It’s beyond doubt that all beings reflect the endless Power and Knowledge of their Creator. This fact is expressed in many verses of the Qur’an, constantly emphasizing that everything created by Allah is actually an evidence of belief and a lesson for admonition.

The 17th verse of the Chapter Al-Gashiyah, which is “Do they not look at the Camels, how they are made?”, mentions an animal that has to be carefully examined and thought about: This is the ‘camel’. In this article, we will study this animal on which the Qur’an invites us to ponder about.

The exclusively specific characteristic of the camel is its body structure, which is not effected even in the most severe circumstances. Its body has such features that for many days, it can survive without water and food and can even travel with a bulk of hundreds of kilograms on its back. Many characteristics of the camel constitute evidence that this animal is created particularly for the dry climate conditions, and put into service for the comfort of man. In the Qur’an, it is stated; “Verily, in the alternation of the night and the day, and in all that Allah hath created, in the heavens and the earth, are signs for those who fear Him.” [Al-Qur’an 10:6]

The camel is specially designed for the conditions of the desert. As a matter of fact, each part of the animal’s body has to be investigated in order to understand how it is “made” by Allah.

Feet for all types of land; its feet are donated with two toes connected to each other with a flexible cushion. This structure which enables it to firmly grasp the land is consisted of four fat-balls. These feet are totally proper for all kinds of land conditions. Its nails protect the foot against any potential damages that may occur as a result of blows. Knees are covered with a structure called “callus”, which is composed of skin as hard and thick as horn. When the animal lays down on the hot sands, this calloused structure protects the animal from being defected by the extremely hot sand.

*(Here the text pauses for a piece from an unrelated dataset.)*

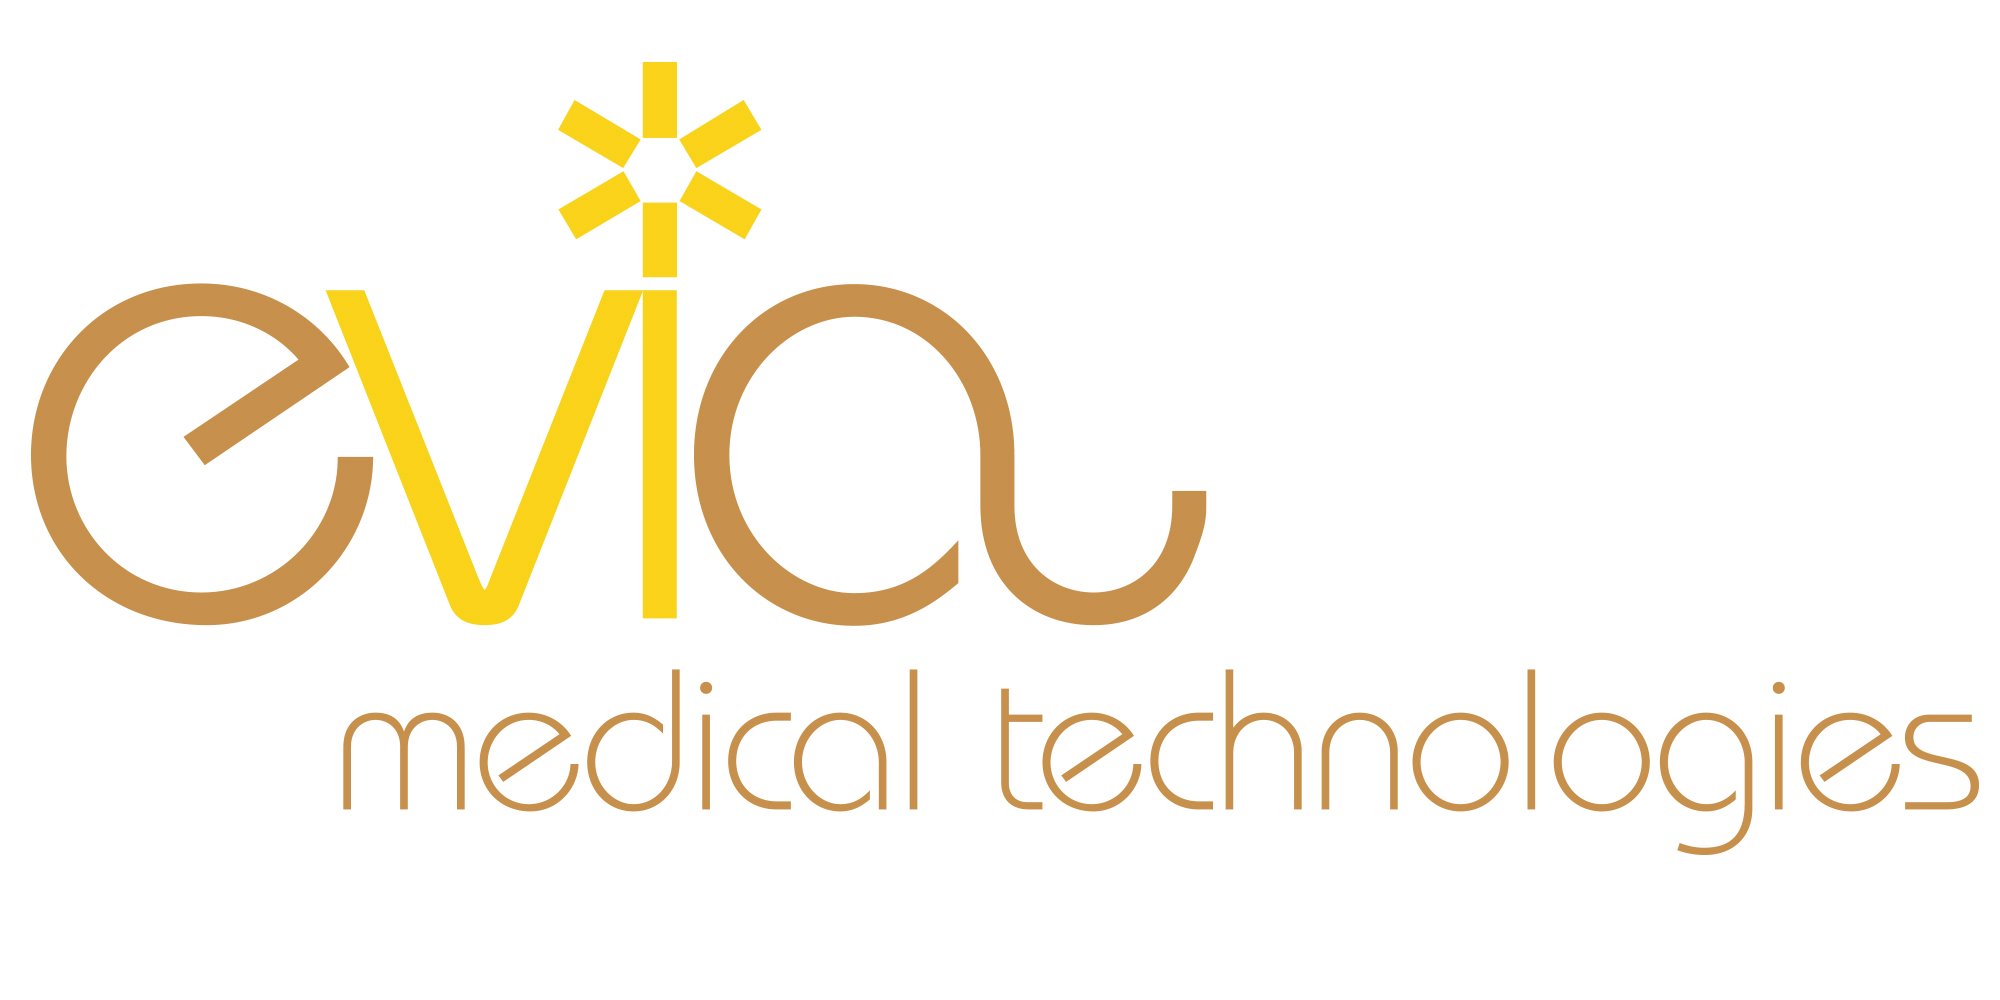 Evia Medical Technologies

The hump as a food stock; the hump of the camel forms is a mass of fats, and provides nutriment to the animal periodically in times of starvation. With this system, this animal can live 3 weeks without water, whilst it looses 33% of its weight. Under the same severe circumstances, a human being would loose 8% of his weight, but die within 36 hours. Since, he would completely lose the water in his body.

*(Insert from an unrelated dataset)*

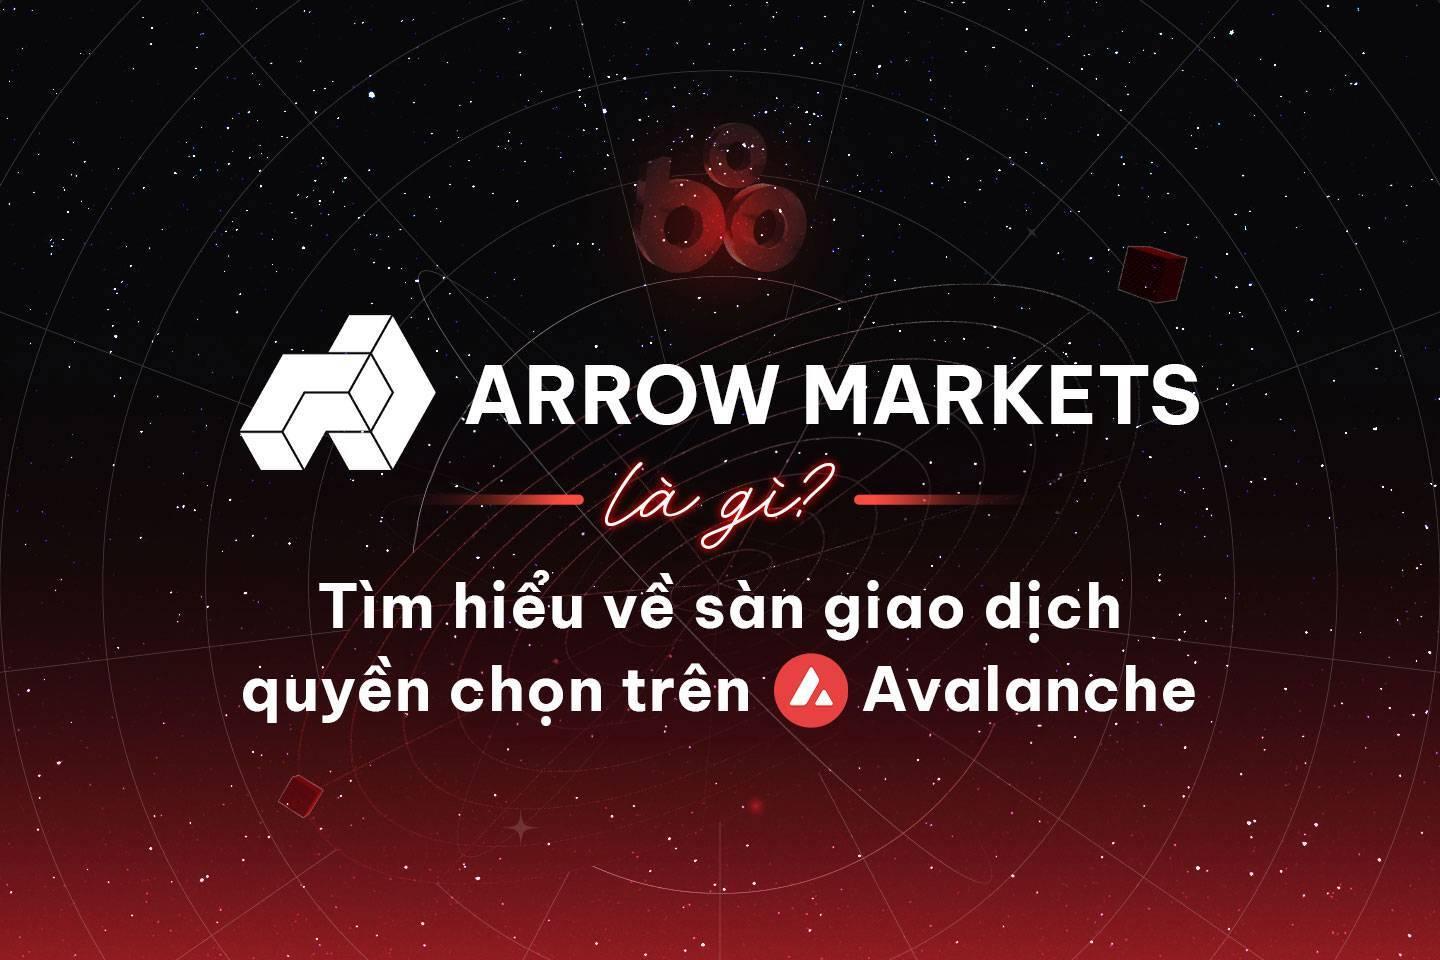 arrow-markets-la-gi-tim-hieu-ve-san-giao-dich-quyen-chon-tren-avalanche

Heat insulating fur; this fur consists of thick and felted hair that does not only protect the body of the animal against cold and hot climatic conditions, but also eliminate the water loss of the body. The Hecin camel can delay the perspiration of its body by means of increasing its body temperature up to 41° C, and thus prevents the water loss. With its thick fur, camels in Asia can survive high temperatures reaching up to +50° C in summer and falling down to -50° C in winter. Head sheltered from the sand; the eye lashes of the camel are designed like two separate combs clamping together. In case of danger, they are automatically closed. With this special design, even a single grain of sand is not let into the eye. Nose and ears are covered with long hairs for protection from sand and dust. Its long neck enables the animal to reach and feed on the leaves, which are 3 meters high from the ground.

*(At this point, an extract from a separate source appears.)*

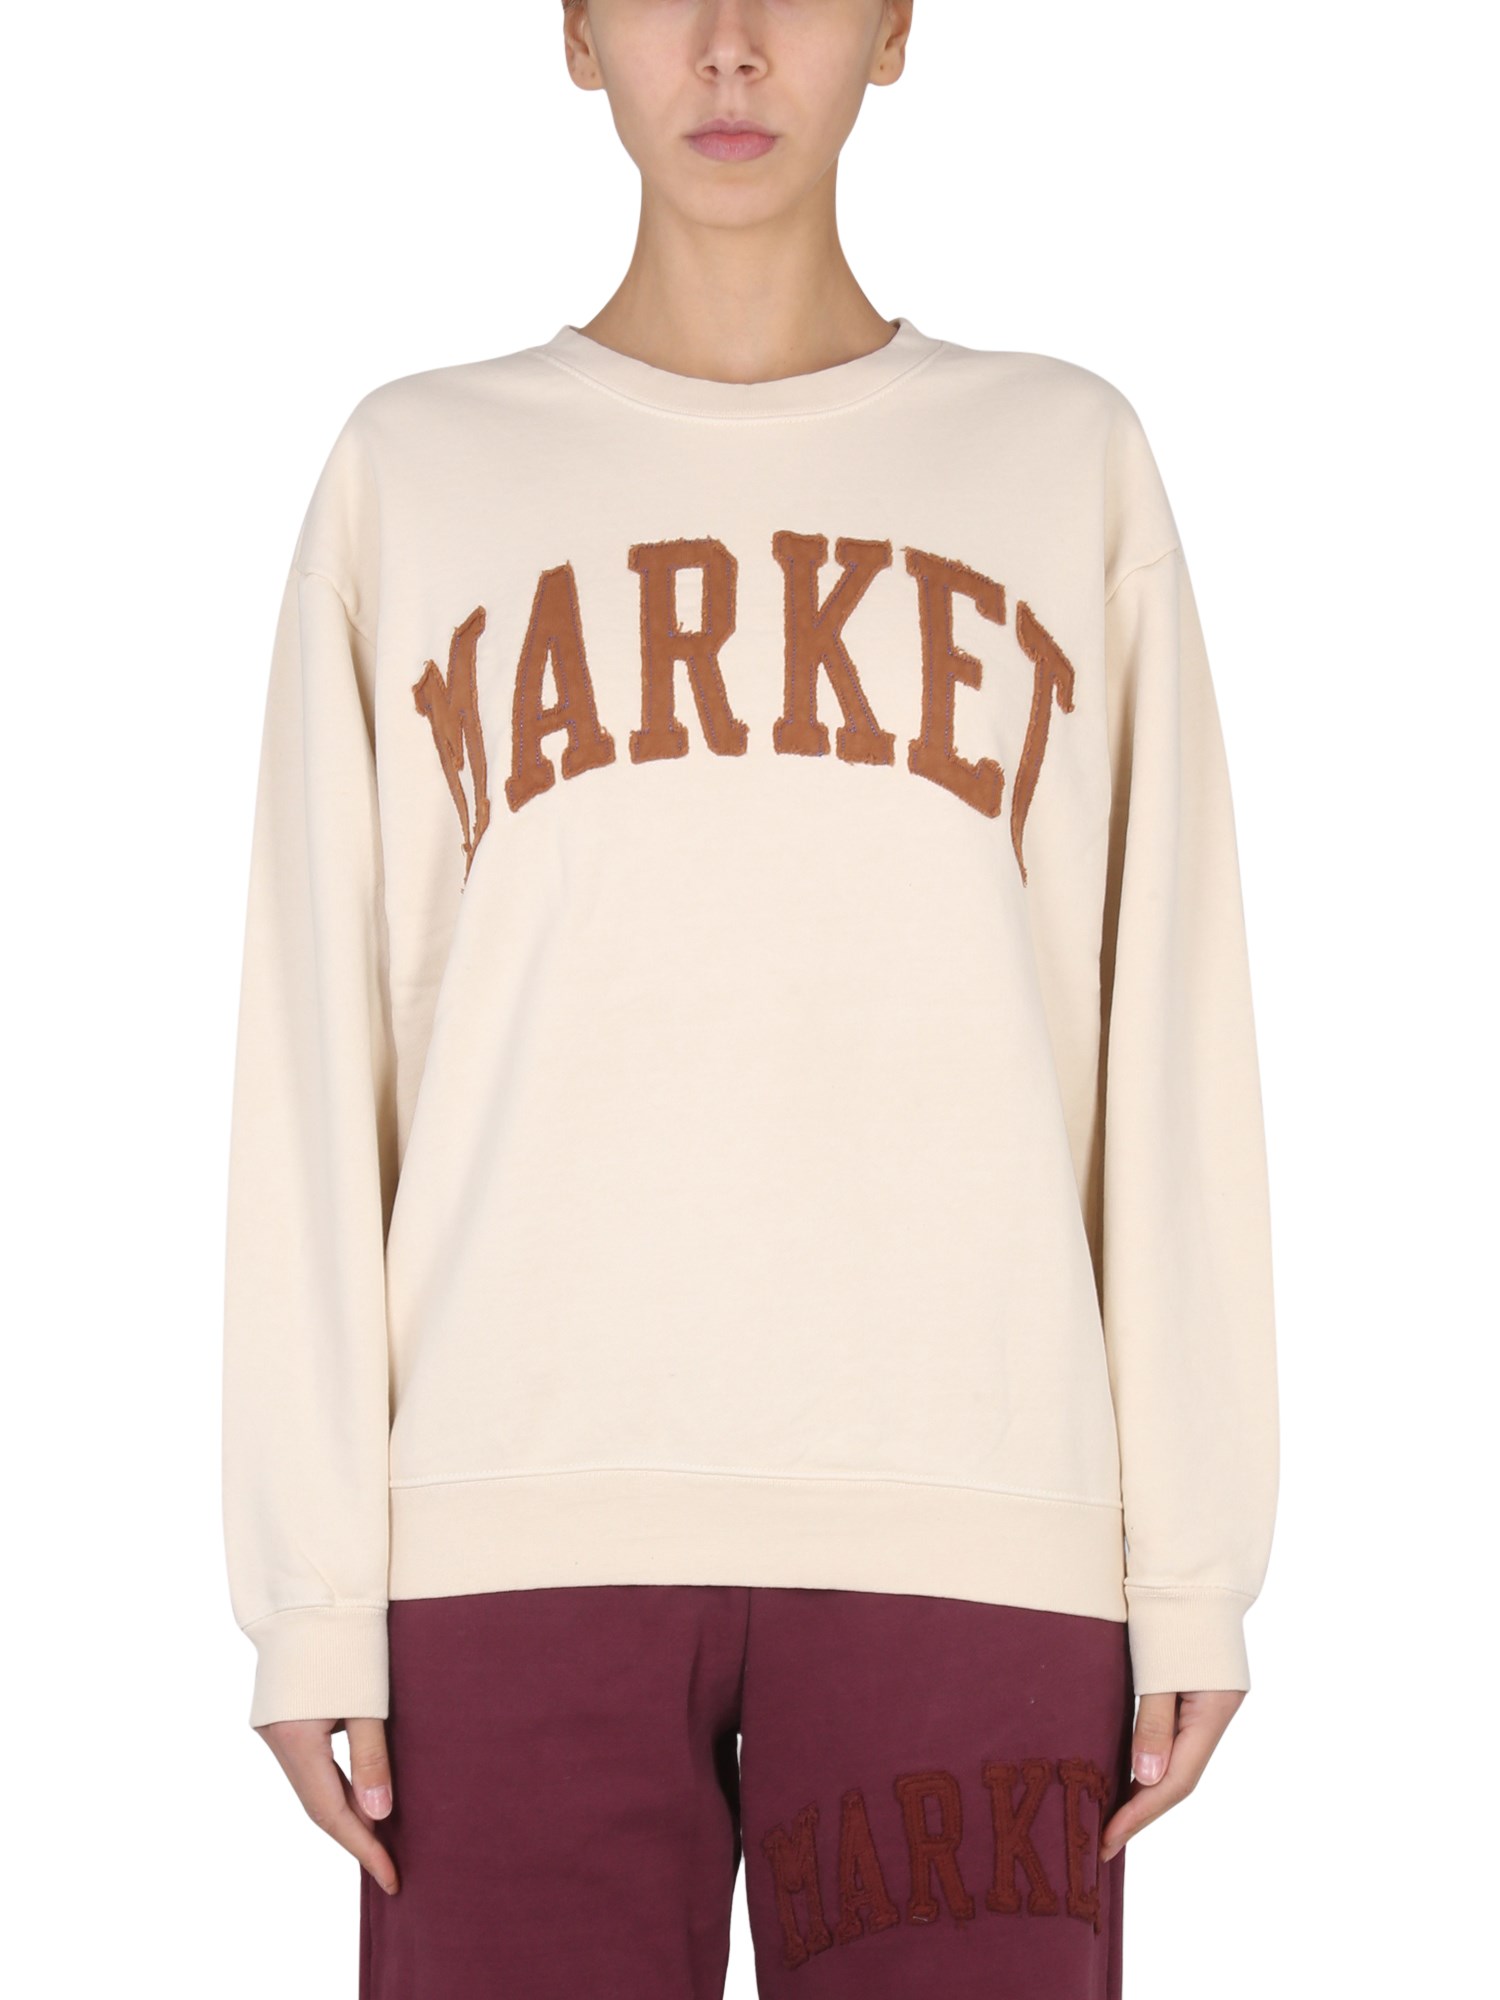 market vintage wash sweatshirt

In addition to the above features, the camel also has other specialized systems in its body. Actually, each one of these qualities of the animal gives it proficiency in the harsh conditions of the desert. These features may be categorized as below:

Resistance to Thirst and Hunger

Camels can live without food and water for 8 days under temperatures of 50° C. During this period, it looses 22% of its body weight. However, it can survive even if it looses 40% of the water in its body, whilst loosing just 12% would cause a man’s death. Another reason of its endurance against thirst is a mechanism which enables the camel to increase its internal temperature up to 41° C. Thanks to this, the animal keeps the water loss at the minimum level in the extreme hot climates of the desert. Camels can also decrease their internal body temperature down to 30° C in the cold nights of the desert.

Improved Water Utilization Unit

Camels can consume 130 liters of water almost in 10 minutes. This amount is approximately one third of their body weight. Besides, camels also have a mucus structure in their nose, which is 100 times larger in area than the man’s. Every time the animal breathes, air is moisturized by the mucus. When we breathe, we lose 16 mg of water vapor for every litre of air. However, with the structure of the mucus, camels can get use of the moisture in the air in a ratio of 66%.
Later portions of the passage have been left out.